# sabidamente



## ggazarian

---------------- Encontré este vocablo en un informe clínico que estoy traduciendo. La oración completa en la que aparece es la siguiente:

Todos os pacientes estavam sob tratamento para Hipertensão Arterial previamente e tinham _*sabidamente*_ Pressão Arterial Sistólica ≥ 160 mmHg antes do início do tratamento.

¿Cómo se traduciría en este caso? Ya busqué la definición de 'sabidamente' en diferentes foros y diccionarios pero no encontré nada. Entiendo la idea general pero no me queda la traducción. Agradecería cualquier ayuda que me pudieran prestar con esta palabra.

----------------


----------



## Vanda

Todos os pacientes estavam sob tratamento para Hipertensão Arterial previamente e tinham _*sabidamente*_ Pressão Arterial Sistólica ≥ 160 mmHg antes do início do tratamento.

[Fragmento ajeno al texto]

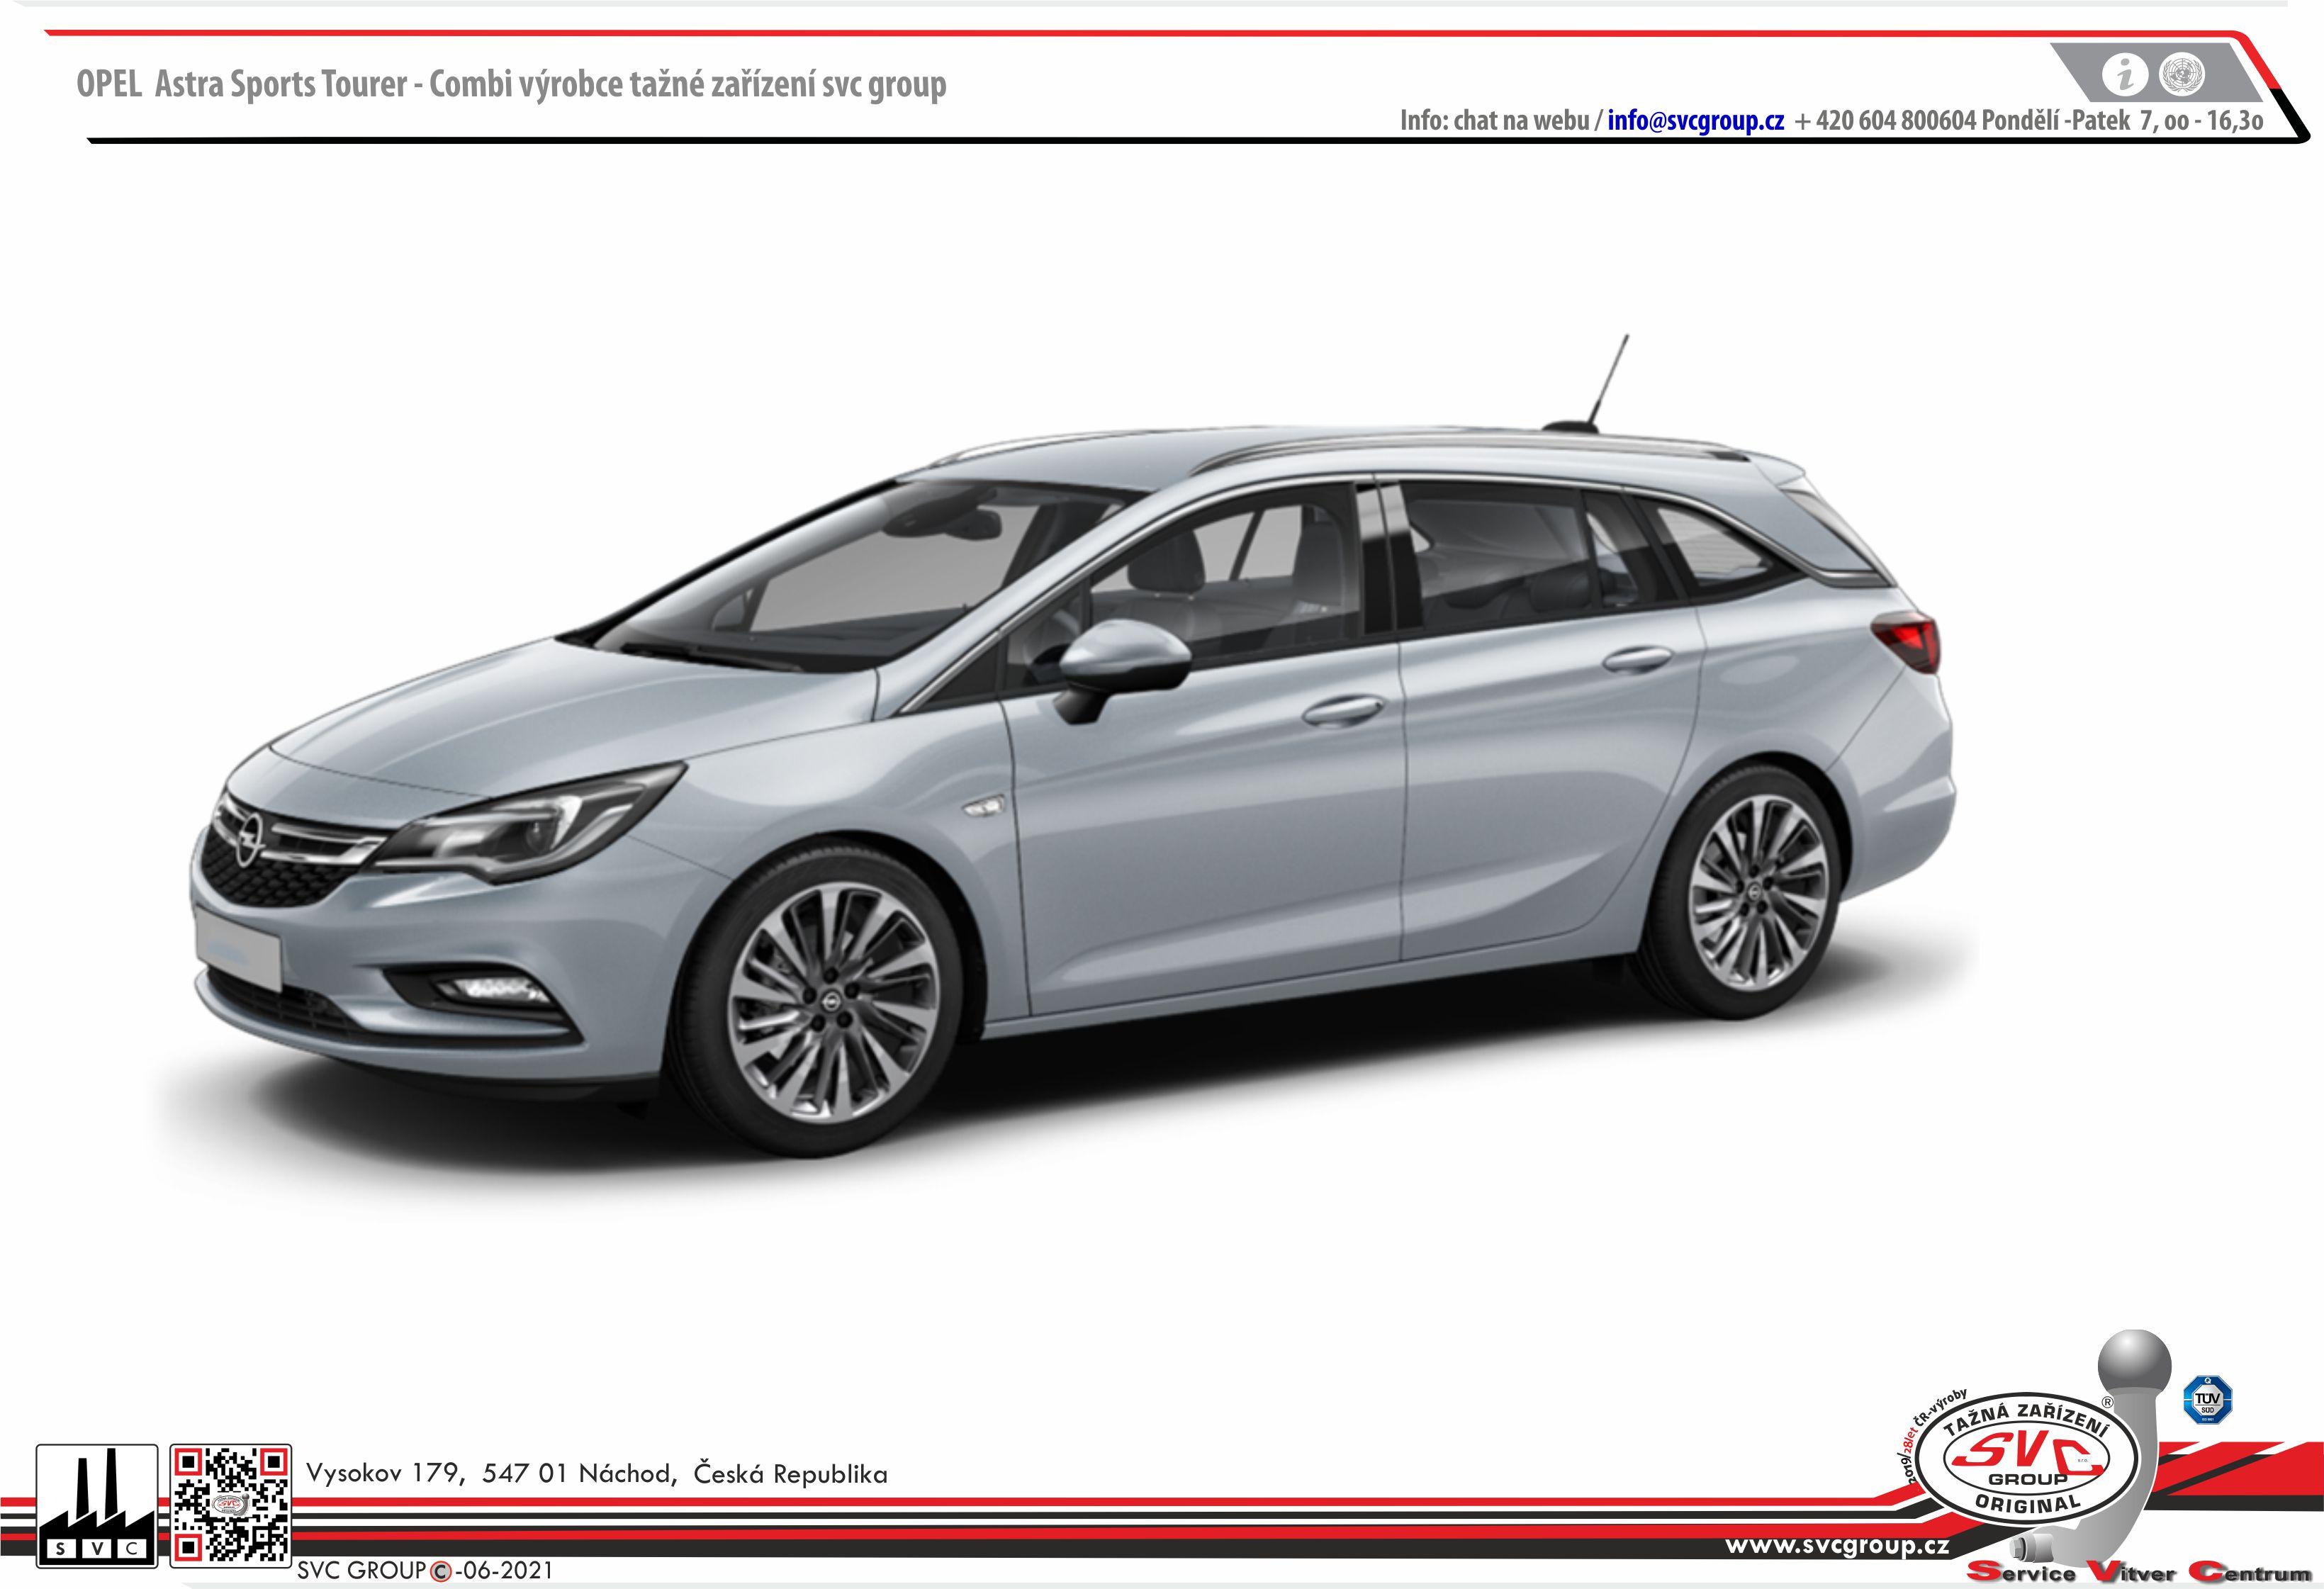 Opel Astra K - Kombi

Sabia-se que todos os pacientes tinham pressão arterial sistólica.
Sabíase que todos los pacientes tenían presión arterial....


----------



## brasileirinho

Fiz uma traduçãozinha:
Todos los pacientes estaban en tratamiento para la Hipertensión Arterial previamente y se sabía que tenían presión arterial sistólica ≥ 160 mmHg antes de haber empezado el tratamiento.

O *sabidamente* ai quer dizer que não era desconhecido da equipe e/ou pacientes o fato de terem a pressão arterial maior ou igual a 160 mmHg.

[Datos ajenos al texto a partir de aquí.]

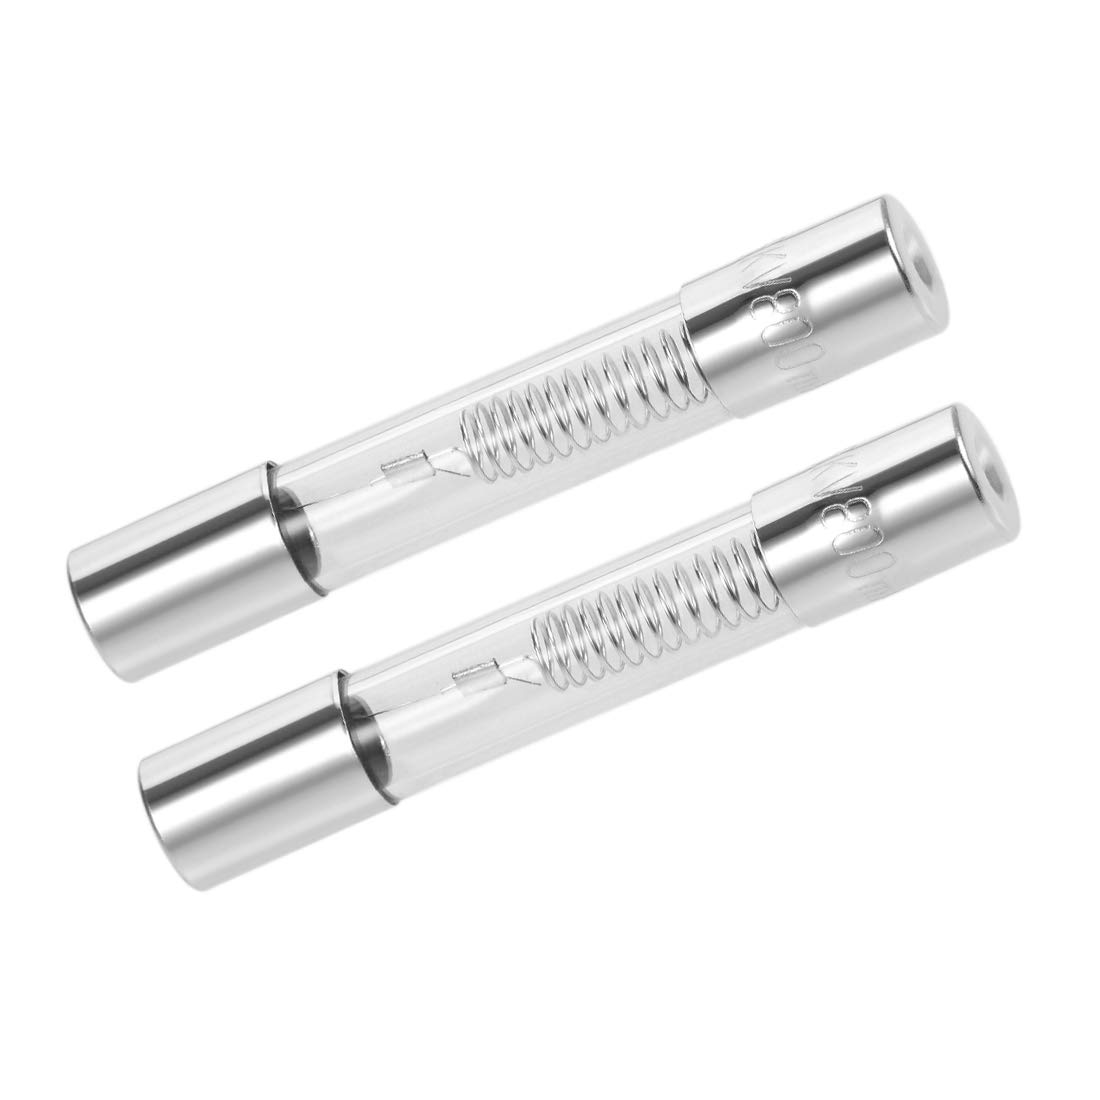 Sourcingmap Slow Blow 0.6A 2pcs fabricados de vidrio soplado lento Fusibles de cartucho para hornos y para microondas de acci/ón lenta de 6 mm x 40 mm de 5000 V

Infelizmente não sei um correspondente direto que satisfaça sua pergunta.


----------



## ggazarian

Vanda said:


> Todos os pacientes estavam sob tratamento para Hipertensão Arterial previamente e tinham _*sabidamente*_ Pressão Arterial Sistólica ≥ 160 mmHg antes do início do tratamento.
> 
> Sabia-se que todos os pacientes tinham pressão arterial sistólica.
> Sabíase que todos los pacientes tenían presión arterial....

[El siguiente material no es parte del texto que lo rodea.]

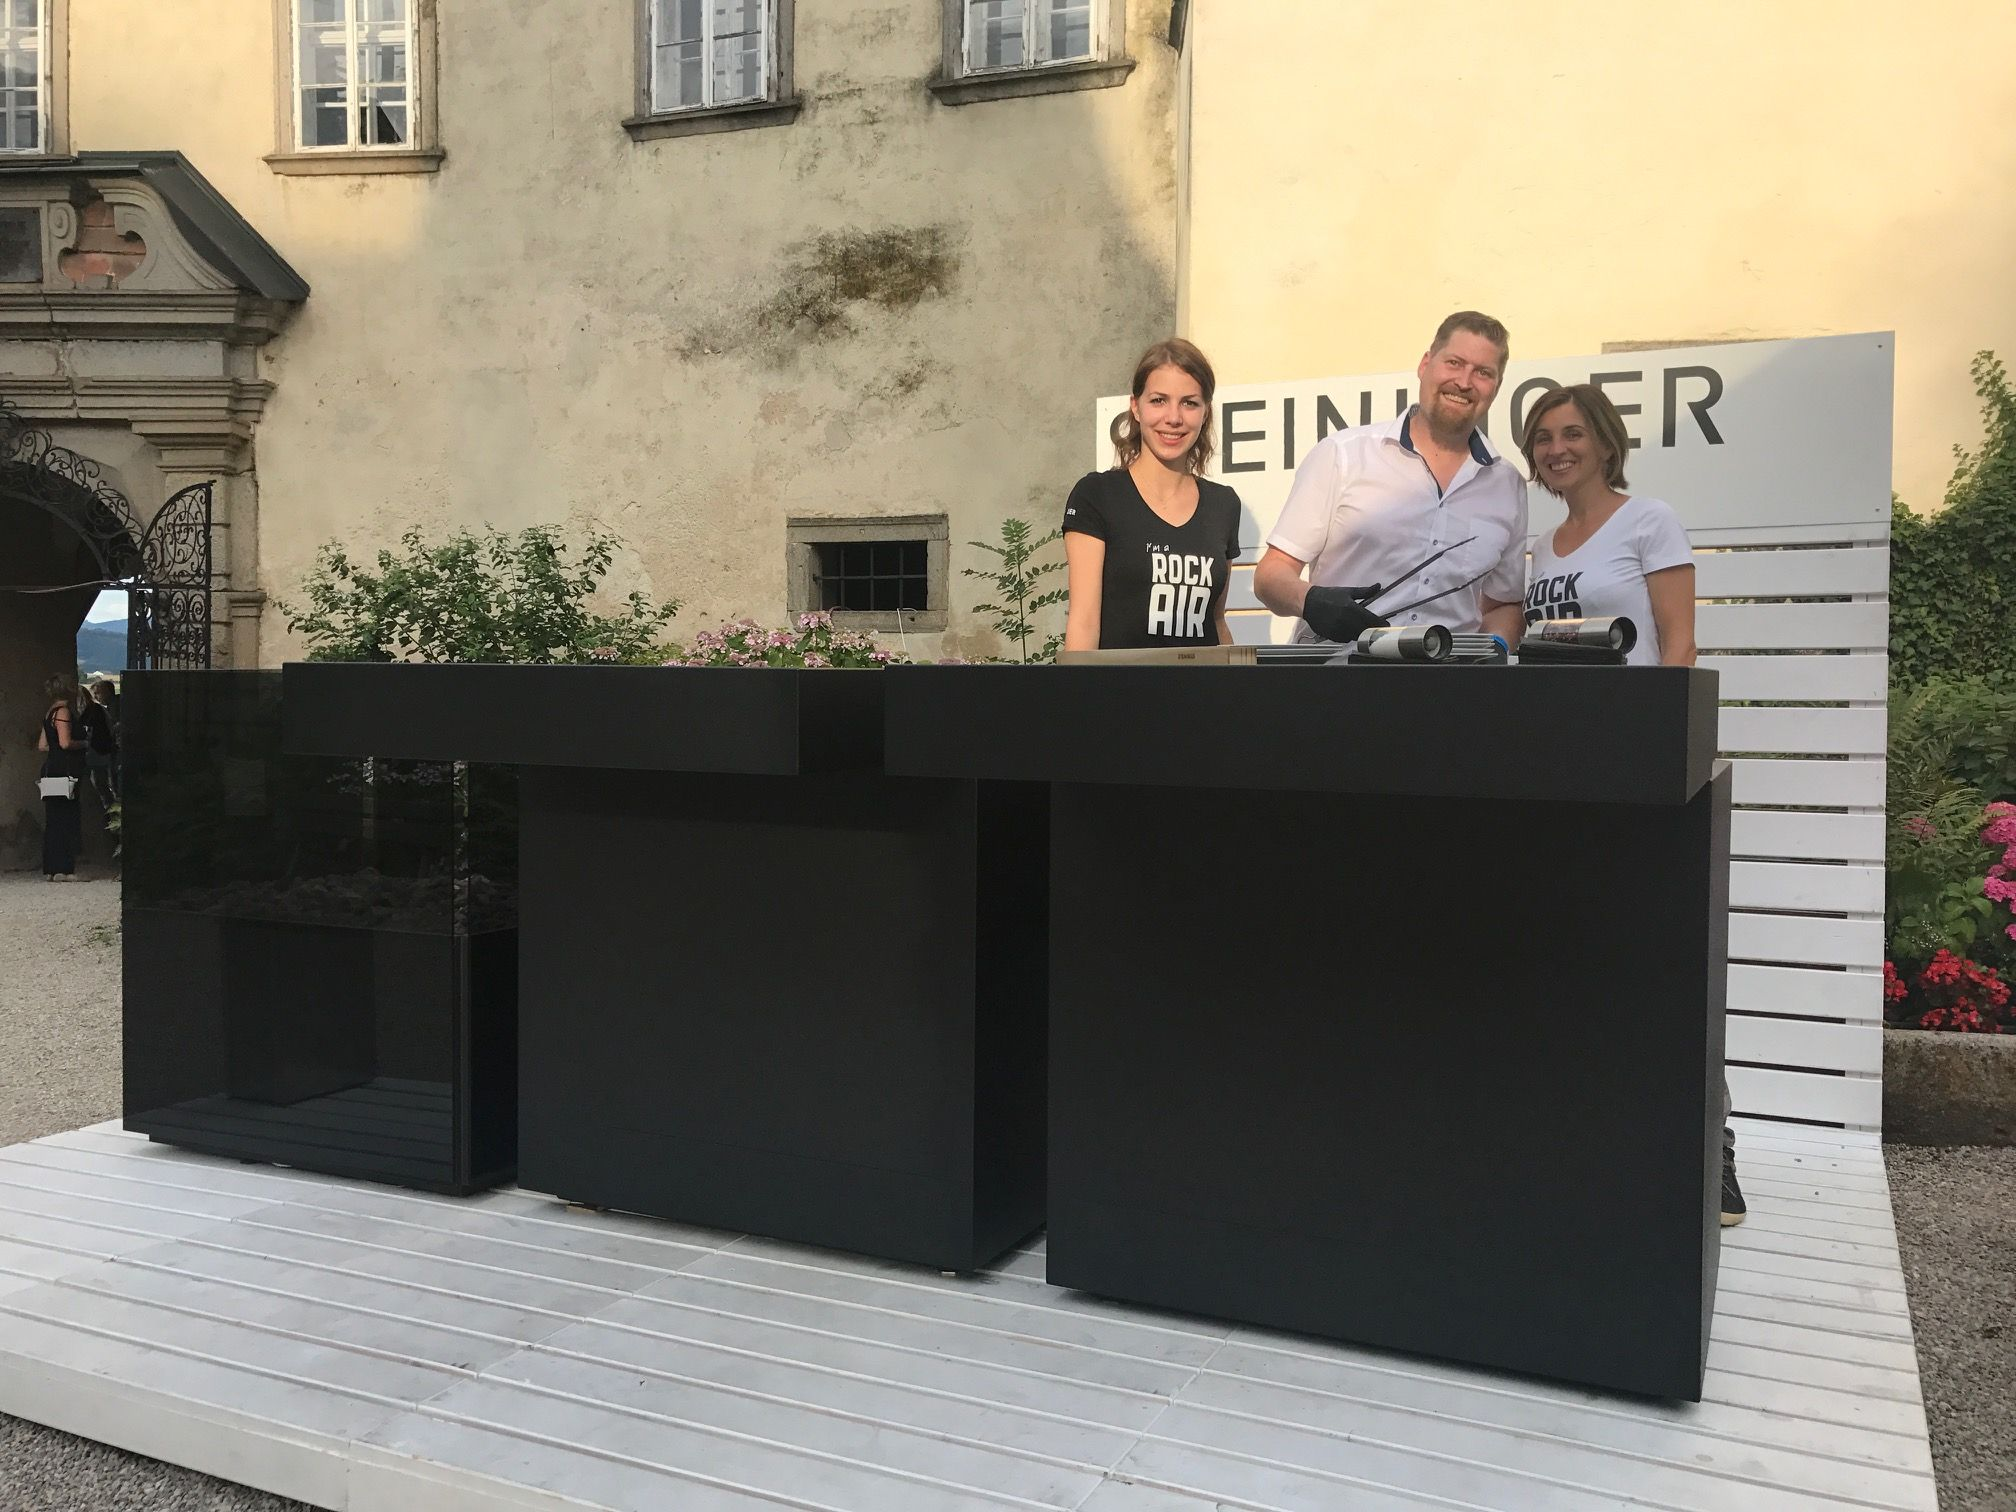 Steininger Outdoorküche : Steininger outdoorkitchen rockair burgclam clamlive concert

Muito obrigado, Vanda! Entonces, estaba yo en lo correcto. Lo que sucede es que me pareció redundante este uso, pues si se indica expresamente el resultado de la evaluación, quiere decir que el resultado ya es sabido. De ahí que pensé que a la mejor se trataba de un matiz en el significado que no capté. De nuevo, ¡muchas gracias!

 ----------------


----------



## ggazarian

brasileirinho said:


> Fiz uma traduçãozinha:
> Todos los pacientes estaban en tratamiento para la Hipertensión Arterial previamente y se sabía que tenían presión arterial sistólica ≥ 160 mmHg antes de haber empezado el tratamiento.
> 
> O *sabidamente* ai quer dizer que não era desconhecido da equipe e/ou pacientes o fato de terem a pressão arterial maior ou igual a 160 mmHg.
> 
> Infelizmente não sei um correspondente direto que satisfaça sua pergunta.



Obrigado, brasileirinho!

----------------


----------



## Carfer

ggazarian said:


> Lo que sucede es que me pareció redundante este uso, pues si se indica expresamente el resultado de la evaluación, quiere decir que el resultado ya es sabido. De ahí que pensé que a la mejor se trataba de un matiz en el significado que no capté.


 
En la realidad, me parece que sí, que hay un matiz. No significa sólo que se sabe, sino que lo saben todos y de manera a que no quepa ninguna duda.


----------



## ggazarian

Carfer said:


> En la realidad, me parece que sí, que hay un matiz. No significa sólo que se sabe, sino que lo saben todos y de manera a que no quepa ninguna duda.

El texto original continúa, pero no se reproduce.